Les collines proches de Halali sont les seuls points de véritable élévation dans la majeure partie du parc. Ce n’est qu’à l’extrême ouest que la topographie change – mais alors brusquement. Des collines de dolomite pittoresques s’élèvent ici et mènent à un paysage magnifique et accidenté qui constitue le bord du bassin d’Owambo, s’étendant vers l’ouest jusqu’à Kaoko.

Etosha abrite l’une des plus fortes densités d’animaux sauvages des zones semi-arides de la planète. Les plus grands nombres se trouvent le long des bordures sud et est du pan, atteignant une moyenne de plus de 70 grands mammifères par kilomètre carré. Les grands troupeaux se rassemblent également à l’extrême ouest du parc.
La migration saisonnière vers le Cuvelai, ou vers l’ouest vers Kaoko et vers l’est vers le sandveld du Kalahari n’a plus lieu, et la dispersion des animaux en réponse à la croissance démographique est bloquée. Pourtant, Etosha est un immense parc, et la faune se déplace toujours sur des distances importantes entre les aires de répartition de la saison sèche et de la saison humide. La plupart des quelque 3000 éléphants d’Etosha passent la saison sèche près des points d’eau le long des bordures sud du bassin, mais semblent disparaître au début des pluies, lorsqu’ils se dispersent dans les zones boisées. Les gnous, les zèbres des plaines de Burchell et les springboks migrent entre les vastes prairies de l’est et de l’ouest, après la pluie.

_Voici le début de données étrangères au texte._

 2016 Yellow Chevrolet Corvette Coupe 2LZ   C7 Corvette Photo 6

Plus de 100 espèces de mammifères et plus de 400 espèces d’oiseaux ont été recensées à Etosha. Mais la diversité était autrefois encore plus grande. L’oursi, le phacochère et le cobe des roseaux ont disparu, tout comme le buffle, le rouan, la zibeline et le lycaon. Les fossiles des 12 000 dernières années comprennent également des hippopotames, des sitatungas (guibe d’eau) et des tsessebe (sassabi). Etosha était évidemment un centre d’évolution important. Les os d’espèces préhistoriques d’éléphants, de rhinocéros, d’hippopotames, de crocodiles et d’autruches découverts ici datent de 6 millions d’années. La découverte la plus spectaculaire est peut-être celle d’un mammouth sud-africain, découverte en 2007.

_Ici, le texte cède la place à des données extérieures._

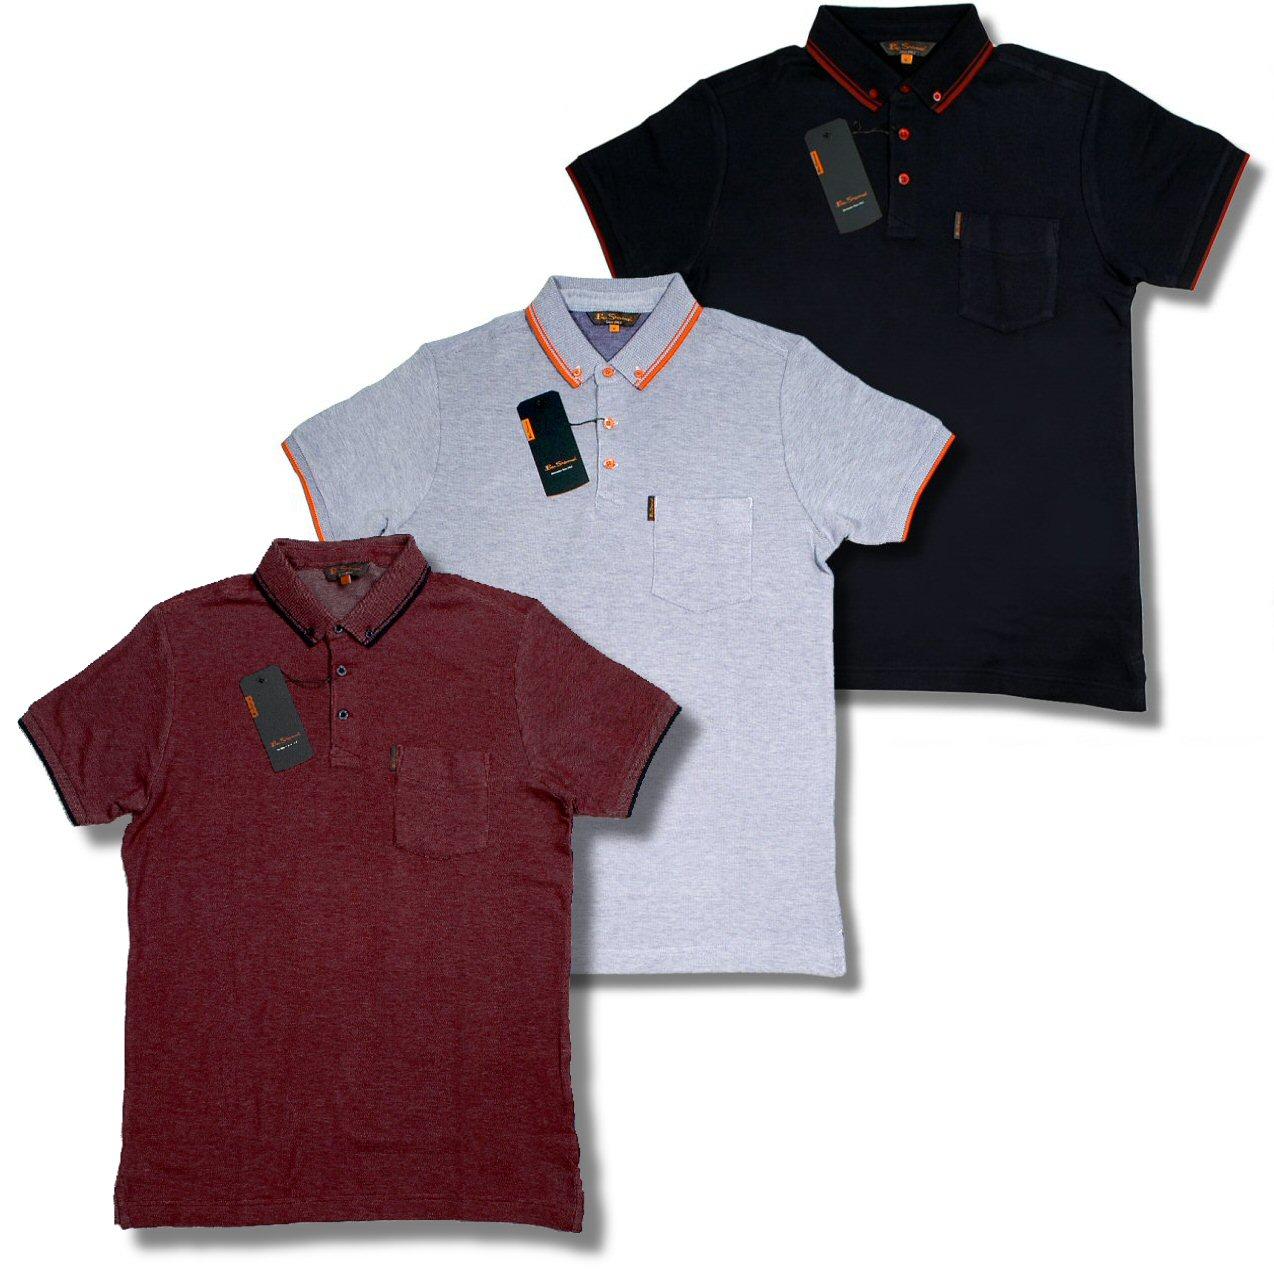 ben sherman mod pique tipped button down polo shirt adaptor clothing. Black Bedroom Furniture Sets. Home Design Ideas

Pour beaucoup, l’Afrique est synonyme de cinq grands animaux. Etosha est un endroit idéal pour en découvrir quatre, le seul qui manque est le buffle. Les éléphants et les lions, en particulier, peuvent être aperçus de près. Parmi les nombreux points d’eau fréquentés par les éléphants, Goas et Olifantsbad sont remarquables pour leurs grands troupeaux. Les prédateurs ne sont généralement pas faciles à trouver, mais les lions et les léopards chassent régulièrement aux points d’eau ou à proximité ; ils viennent également boire dans l’eau, souvent la nuit.

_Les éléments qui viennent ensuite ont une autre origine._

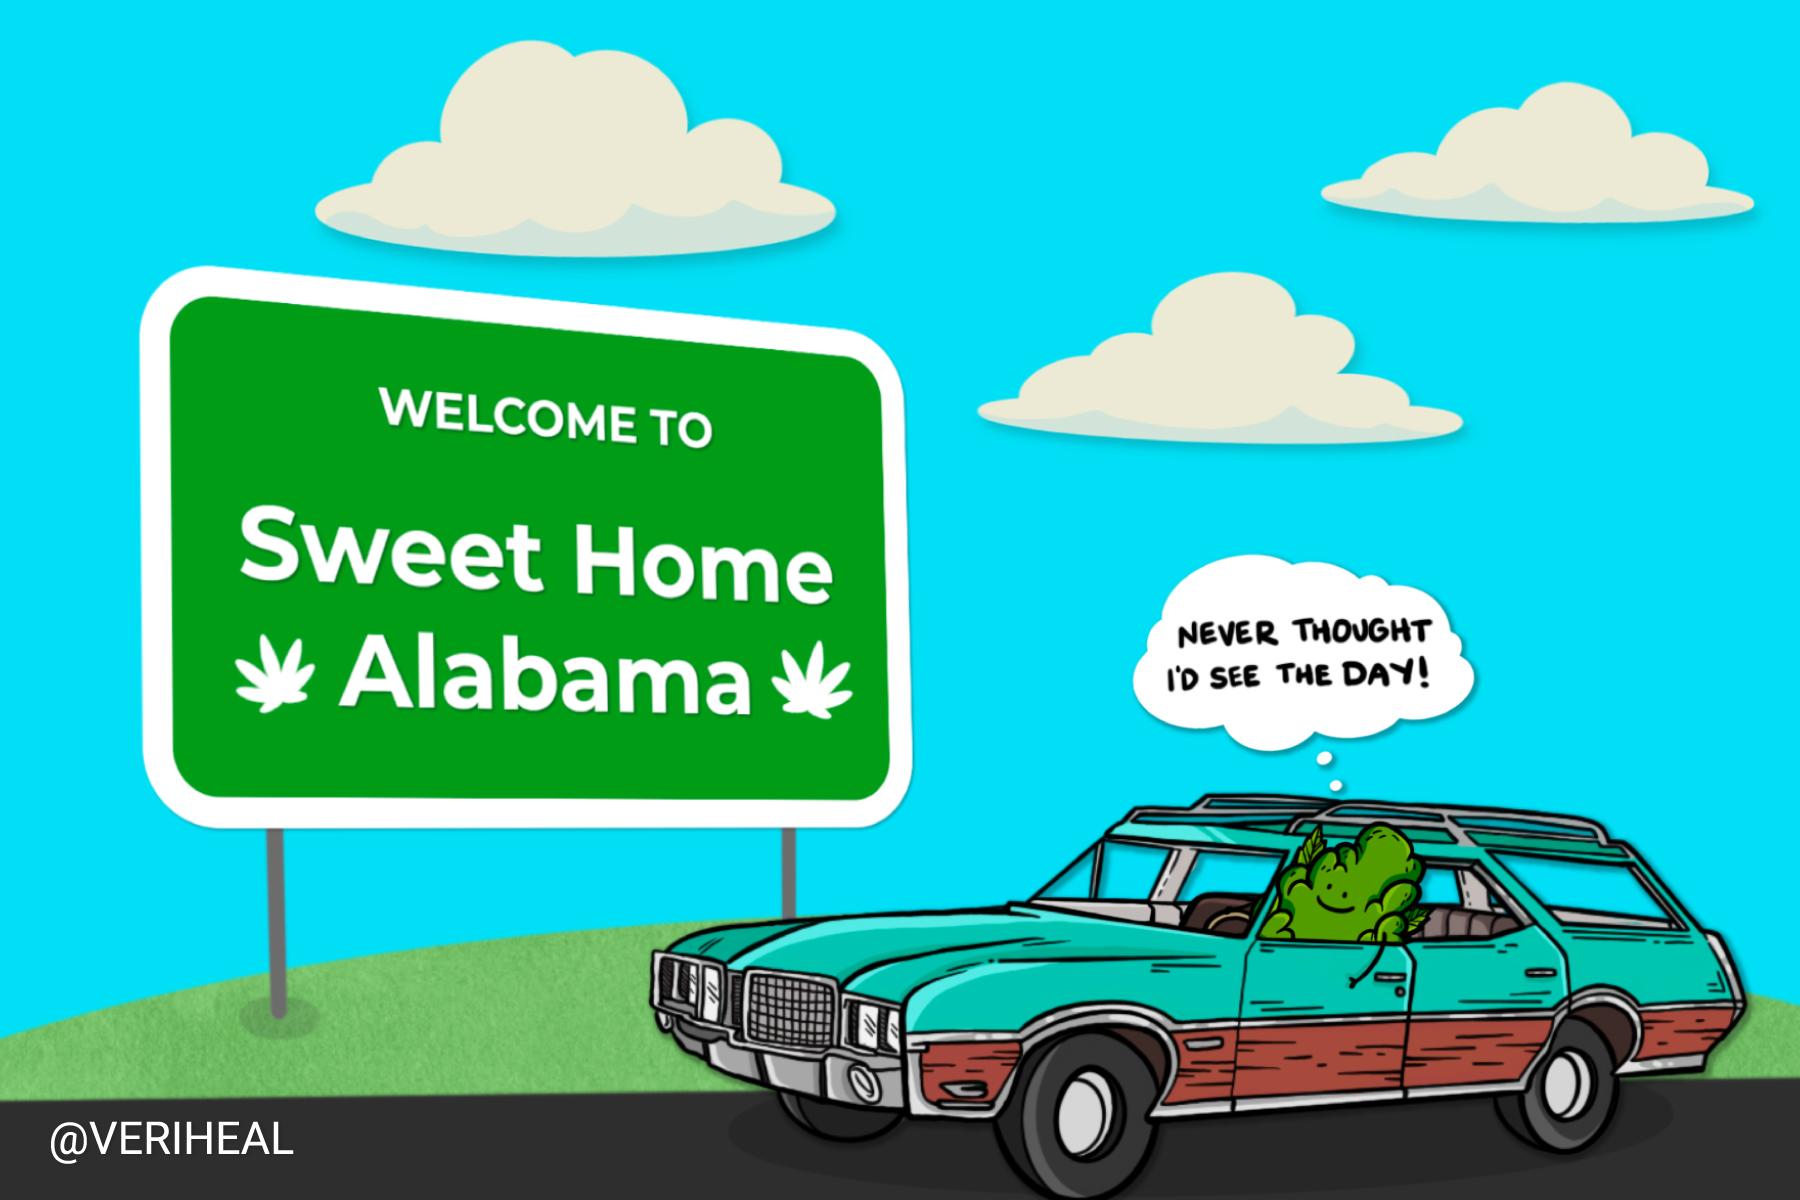 Alabama Medical Cannabis Legalization Might Soon Be on the Horizon

Comme peu d’autres endroits, Etosha permet de découvrir la nuit africaine. Les points d’eau éclairés des complexes hôteliers et des camps offrent un aperçu fascinant des créatures nocturnes et de leurs habitudes. Les hyènes se glissent souvent dans l’eau dans l’obscurité. Les rhinocéros noirs sont des habitués de certains points d’eau des complexes hôteliers la nuit (Etosha est le bastion des rhinocéros noirs et blancs en Namibie).Les vastes prairies parsemées de springboks sont un bon endroit pour chercher des guépards dans la fraîcheur du matin, même si un peu de chance est nécessaire pour les repérer. Les concentrations de girafes sont plus élevées à l’est du parc. L’animal le plus grand de la planète est difficile à ignorer. Parmi les 11 espèces d’antilopes du parc, l’impala à face noire se distingue comme une sous-espèce frappante, presque endémique. La piste « Dik-Dik » est idéale pour voir la plus petite des antilopes de Namibie et offre une merveilleuse ambiance boisée.